Materials and Methods

Patient Selection and Grouping

We retrospectively collected data from 213 patients diagnosed with T2DM and examined by CCTA in Shunde Hospital of Southern Medical University between January 2018 and June 2020. The inclusion criteria were as follows: (1) Patients who met the 2017 American Diabetes Association diagnostic criteria (15); (2) Patients who were diagnosed with T2DM more than 5 years ago; (3) Patients who received CCTA and completed the VPs assessment; (4) Patients with complete clinical data. The exclusion criteria were as follows: (1) Patients who were diagnosed with type 1 diabetes or other types of diabetes or acute complications of diabetes; (2) Patients with acute infection; (3) Patients with severe cardiac insufficiency, arrhythmia, and acute myocardial infarction; (4) Patients with severe valvular heart disease, cardiomyopathy, rheumatic heart disease, congenital heart disease, severe liver insufficiency (Child-Pugh class C, or Alanine aminotransferase, ALT>250 U/L, or Total bilirubin, TBil>115 μ mol/L), severe renal insufficiency (glomerular filtration rate, RGF<30 mL/min), and malignant tumors; (5) Patients with poor quality of CCTA image that was insufficient for further analysis. According to plaque and plaque vulnerability, patients were divided into the no plaque group, non-vulnerable plaque group, and VP group. All patients provided written informed consent, and the local ethics committee approved the study.

Scanning Protocol

All patients were scanned by a dual-source CT (SOMATOM Definition Flash, Siemens, Germany).
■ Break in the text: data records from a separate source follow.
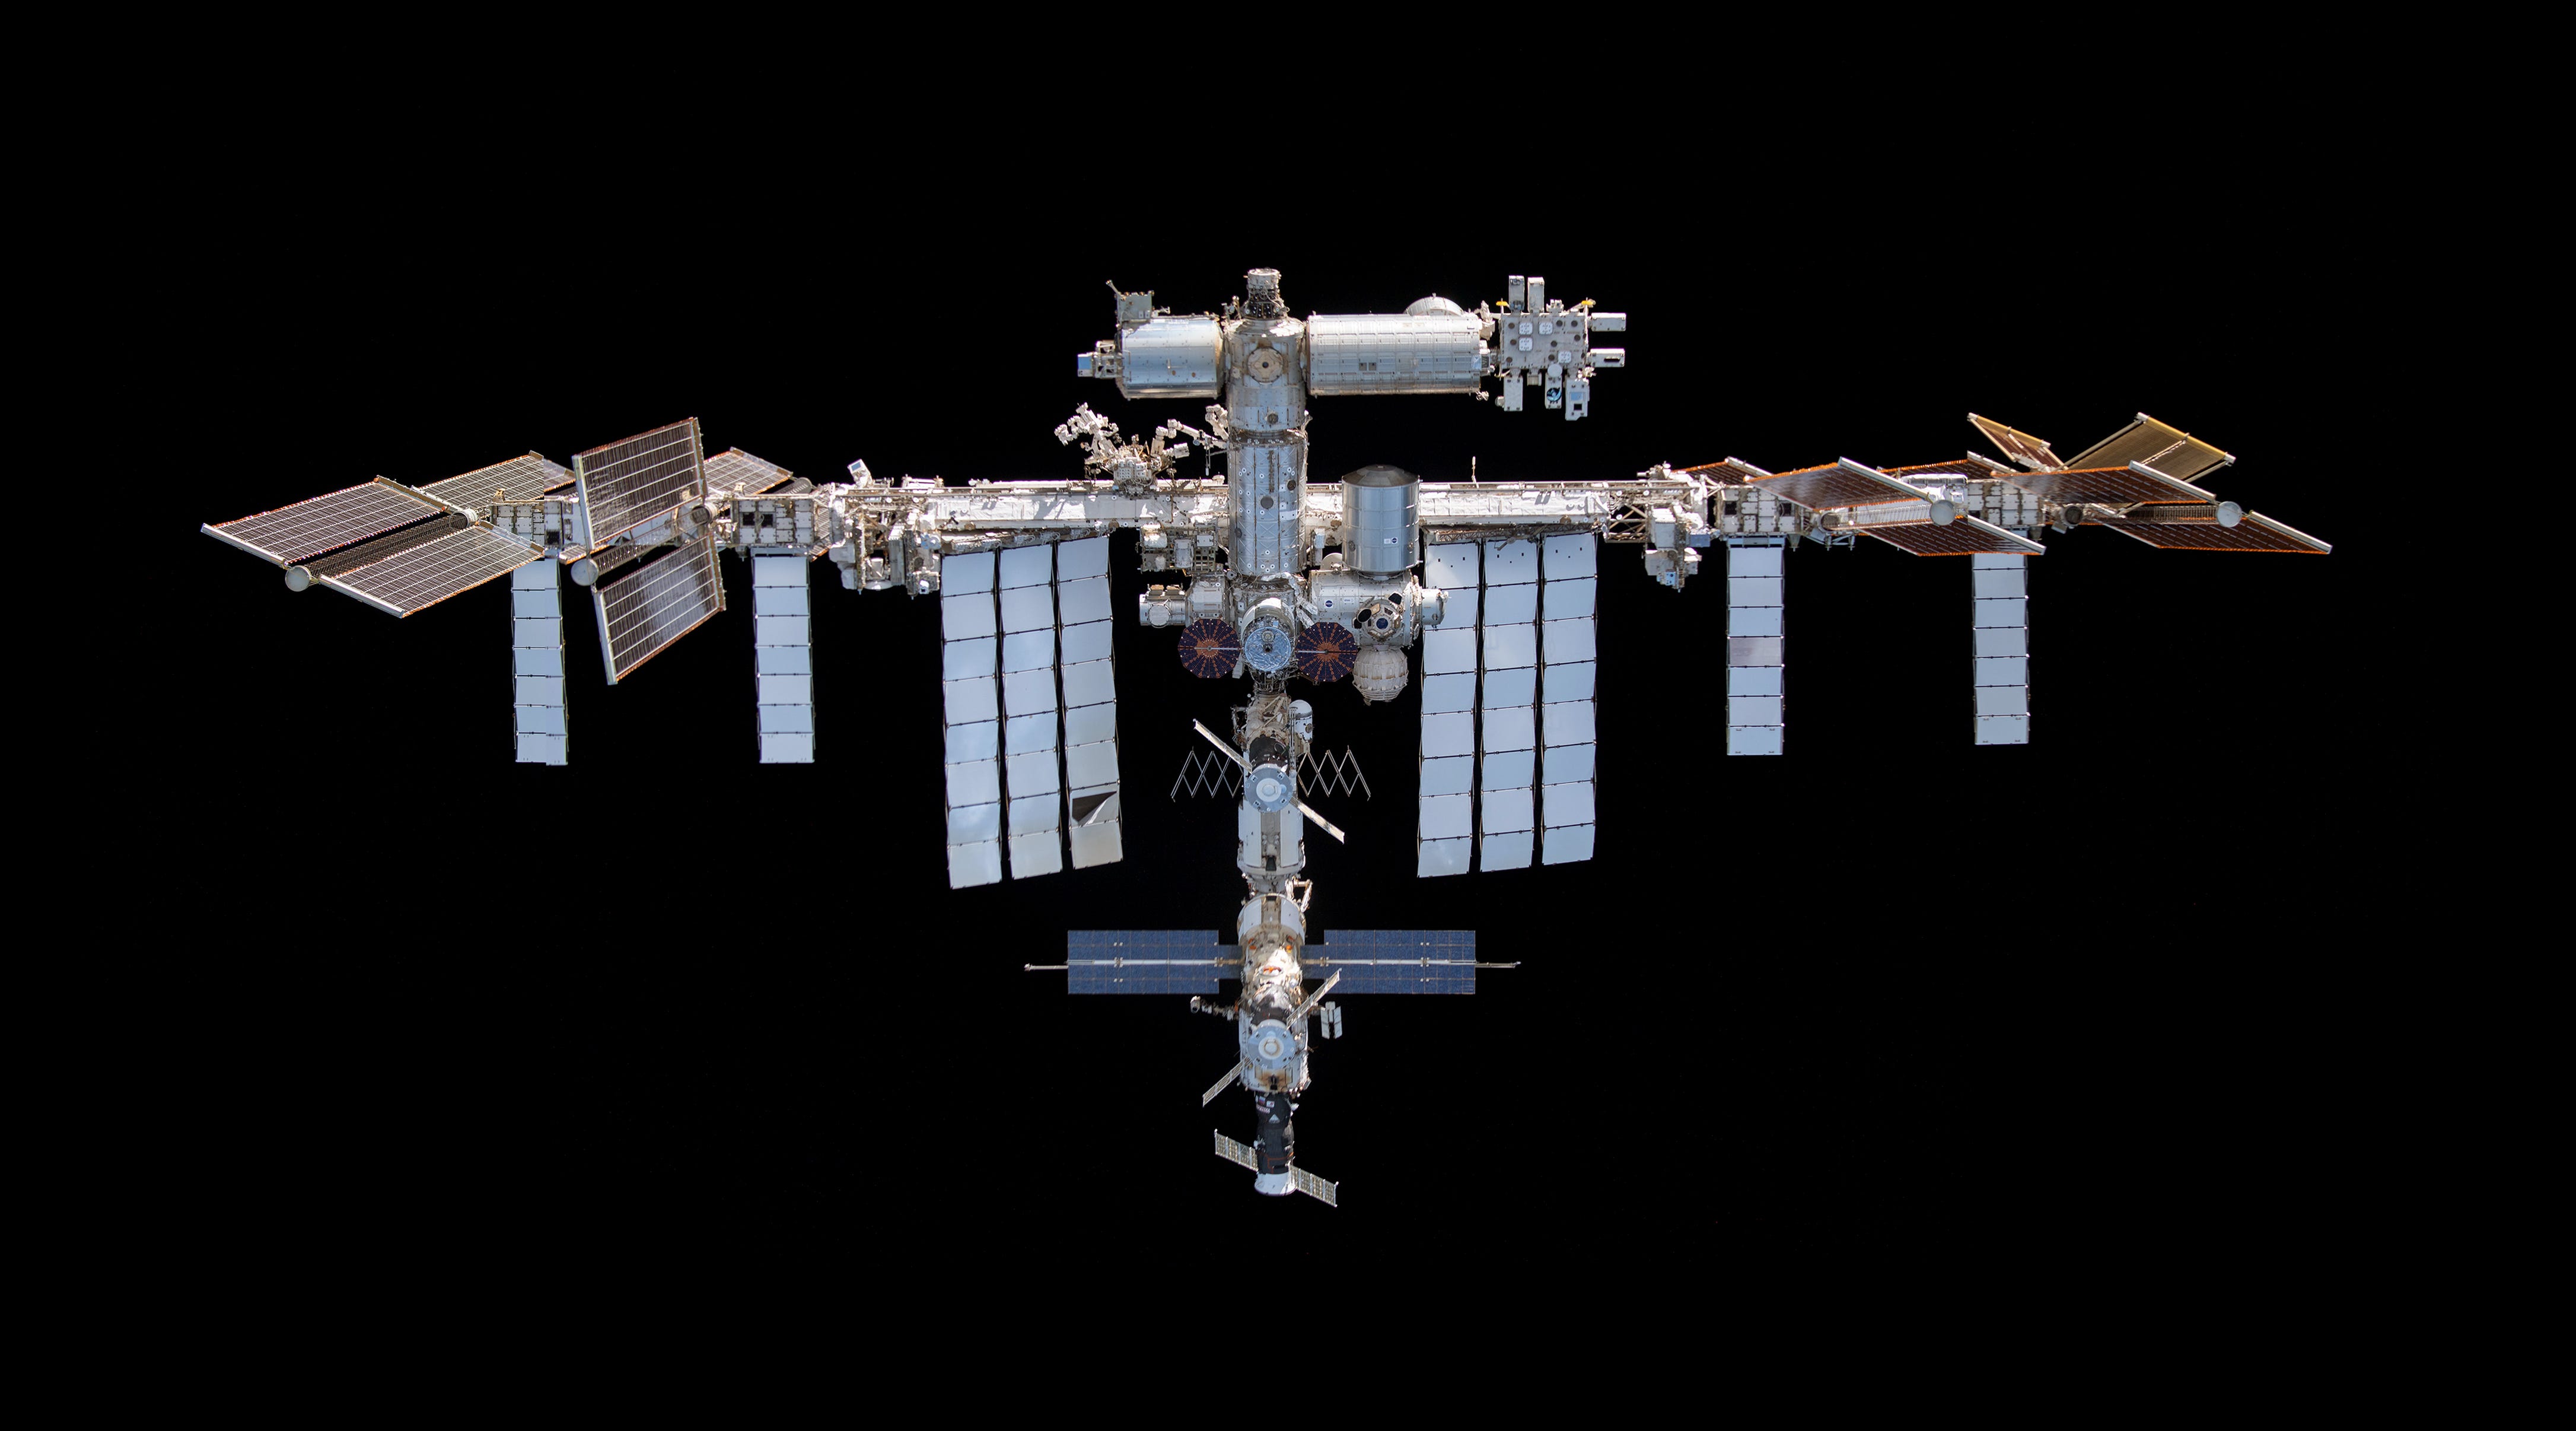 Ein Blick auf die Internationale Raumstation von einem Raumschiff aus nach dem Abdocken im Jahr 2021.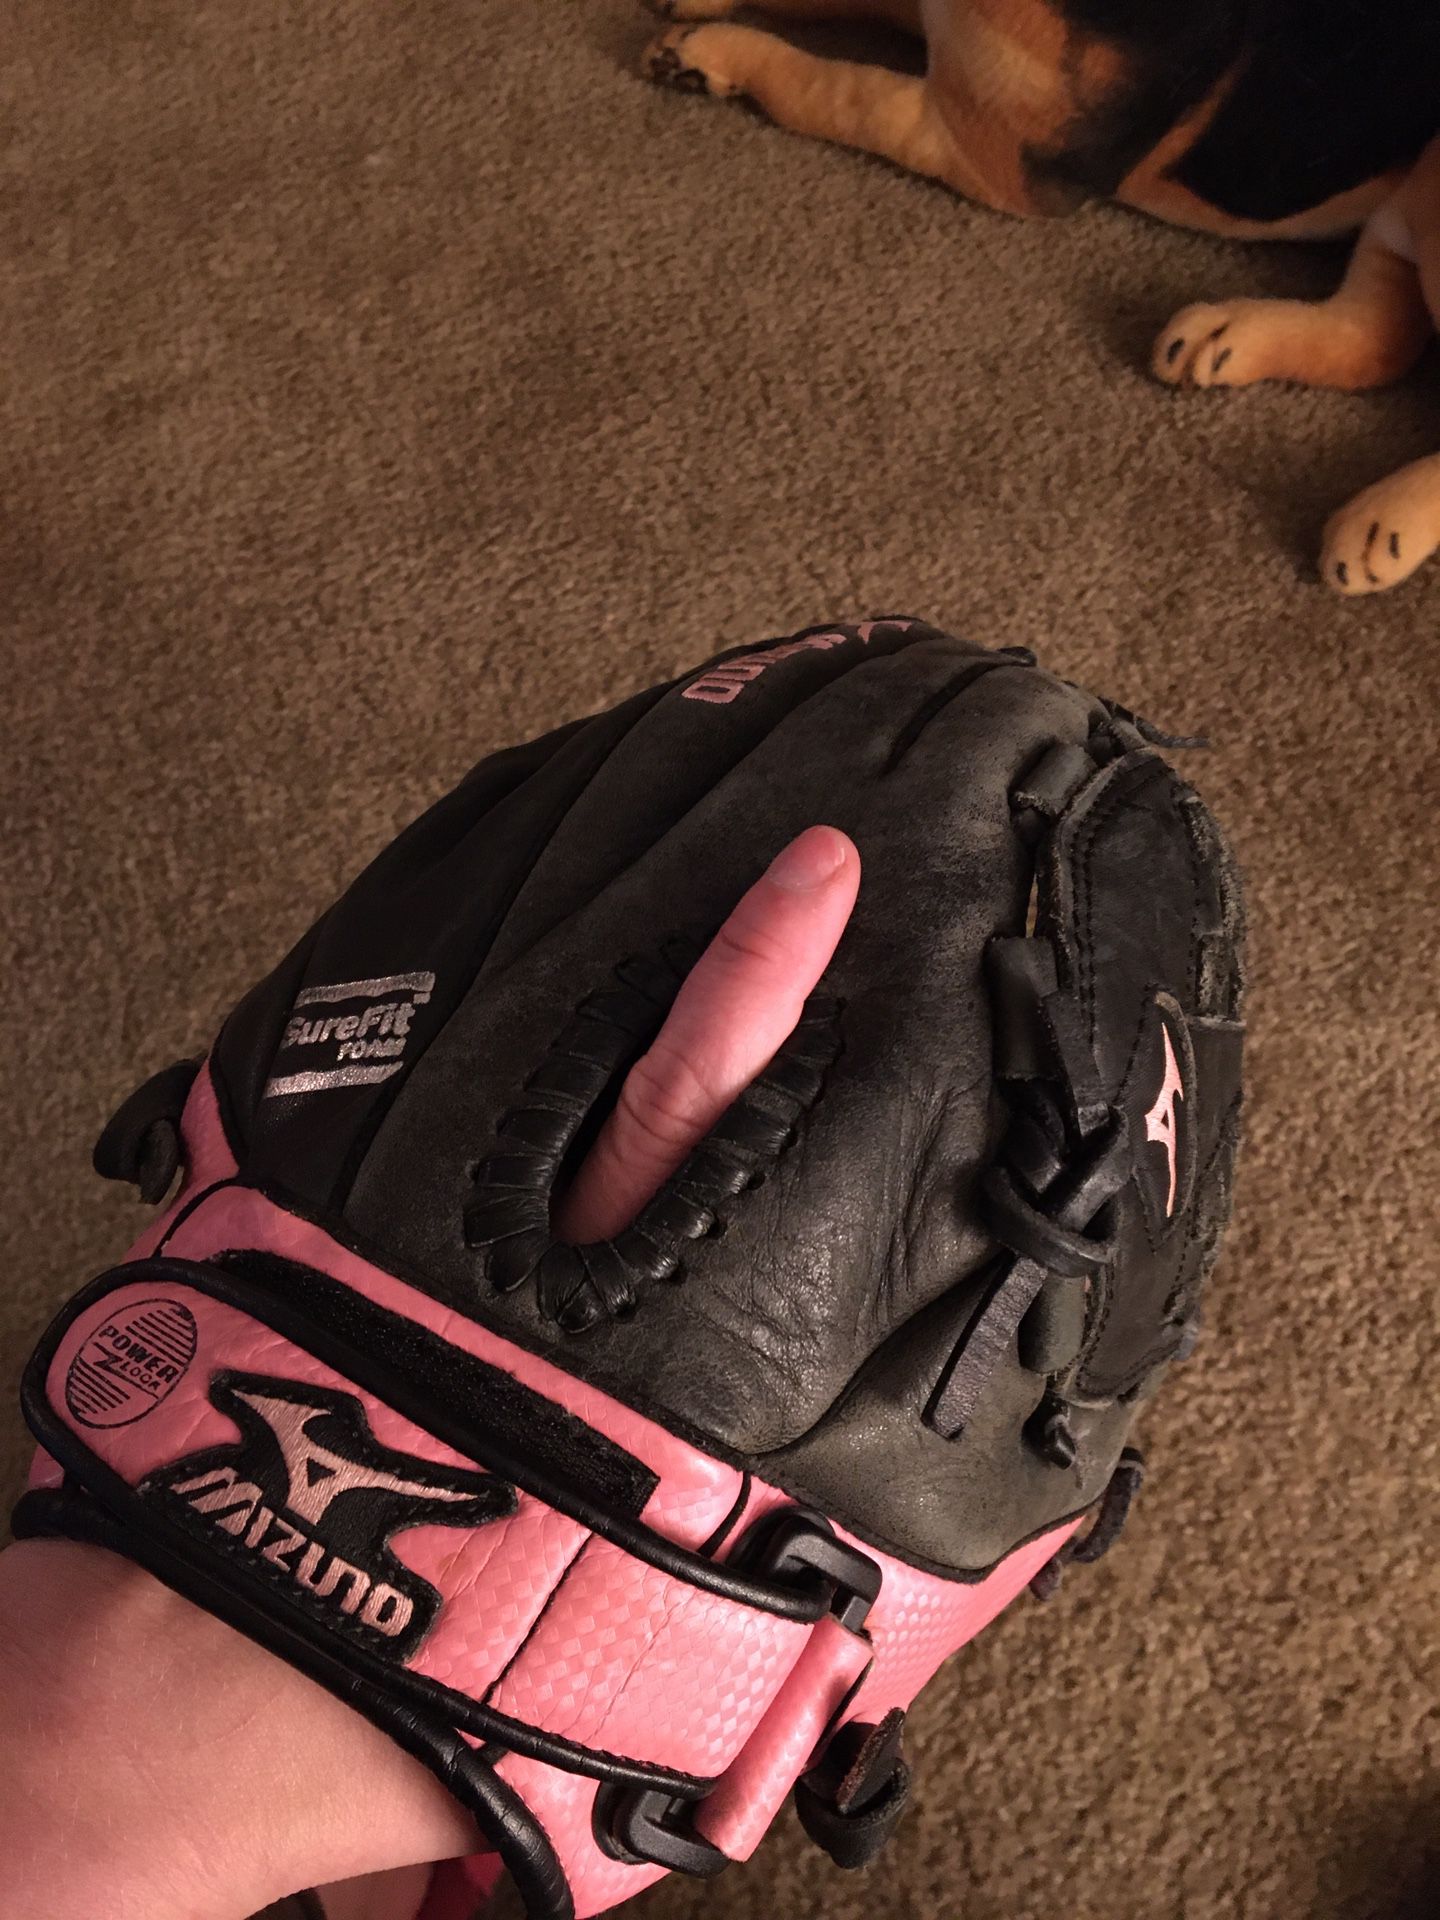 Women’s mazuno pink and black softball glove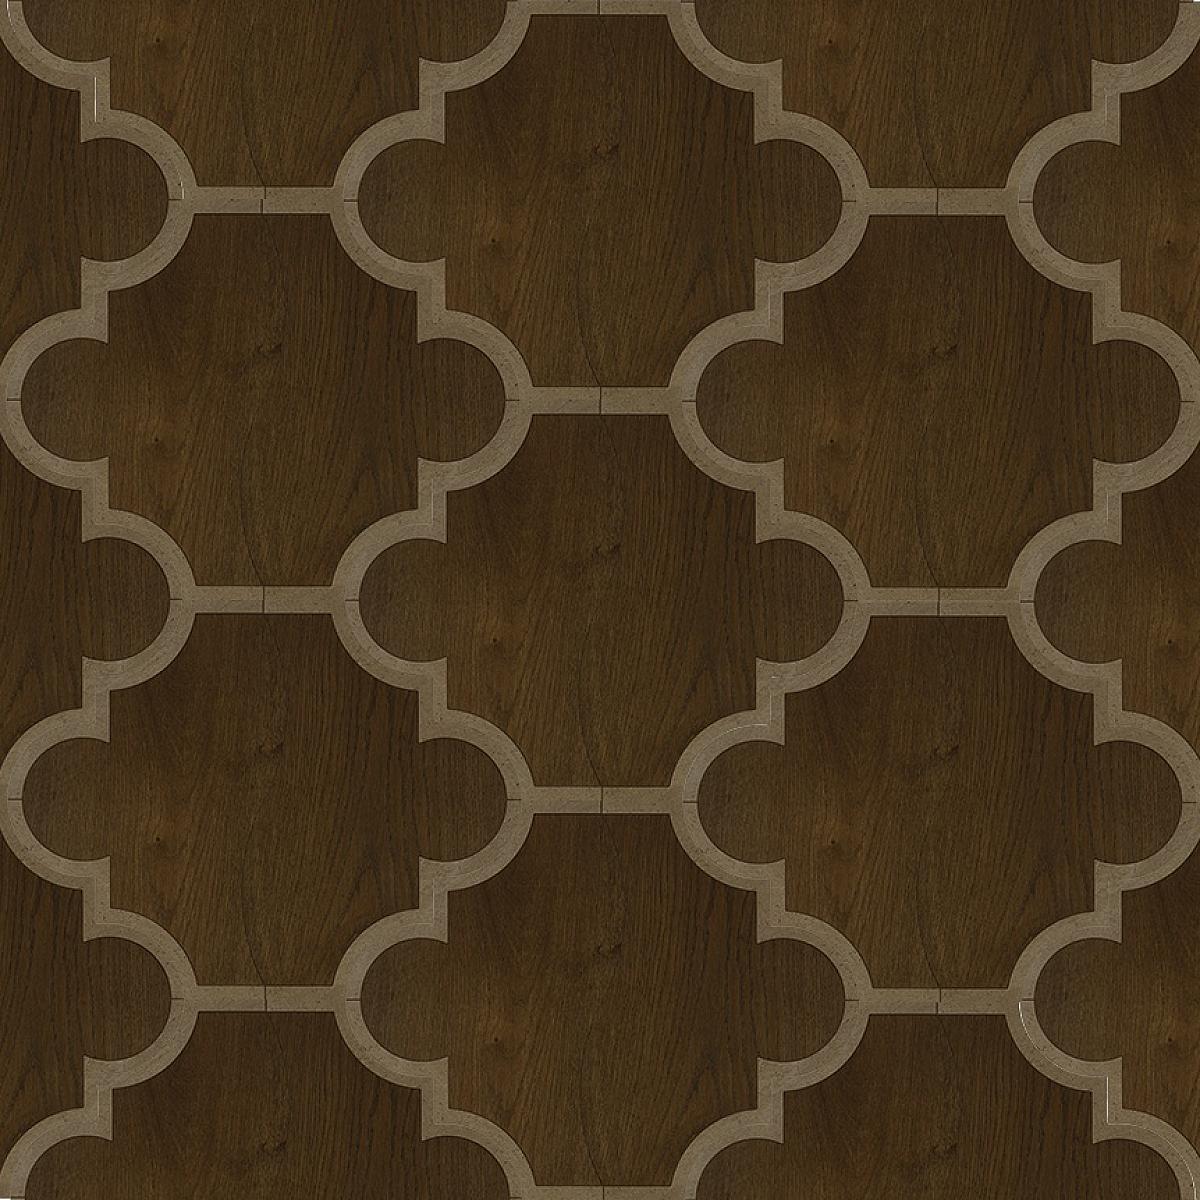 Suave Due Chiave Decorative Tile

Contrast-enhanced CT imaging was performed after 40 s delay following intravenous administration of 70 mL of iodinated contrast material (Ultravist 350, Bayer Schering Pharma, Berlin, Germany) at a rate of 5.0 mL/s with a pump injector (Ulrich CT Plus 150, Ulrich Medical, Ulm, Germany) after routine pre-contrast CT, followed by infusion of 50 mL of saline at the same infusion rate. The parameters were as follows: 120 kV, 90 kV; 320 mAs; rotation time, 0.33 s; detector collimation: 32 mm × 2 mm × 0.6 mm; pitch = 0.20–0.28 mm (automatic adjustment according to heart rate changes); slice thickness = 0.75 mm; slice gap = 0.5 mm; field of view (FOV) = 260 × 260 mm; matrix = 512 × 512.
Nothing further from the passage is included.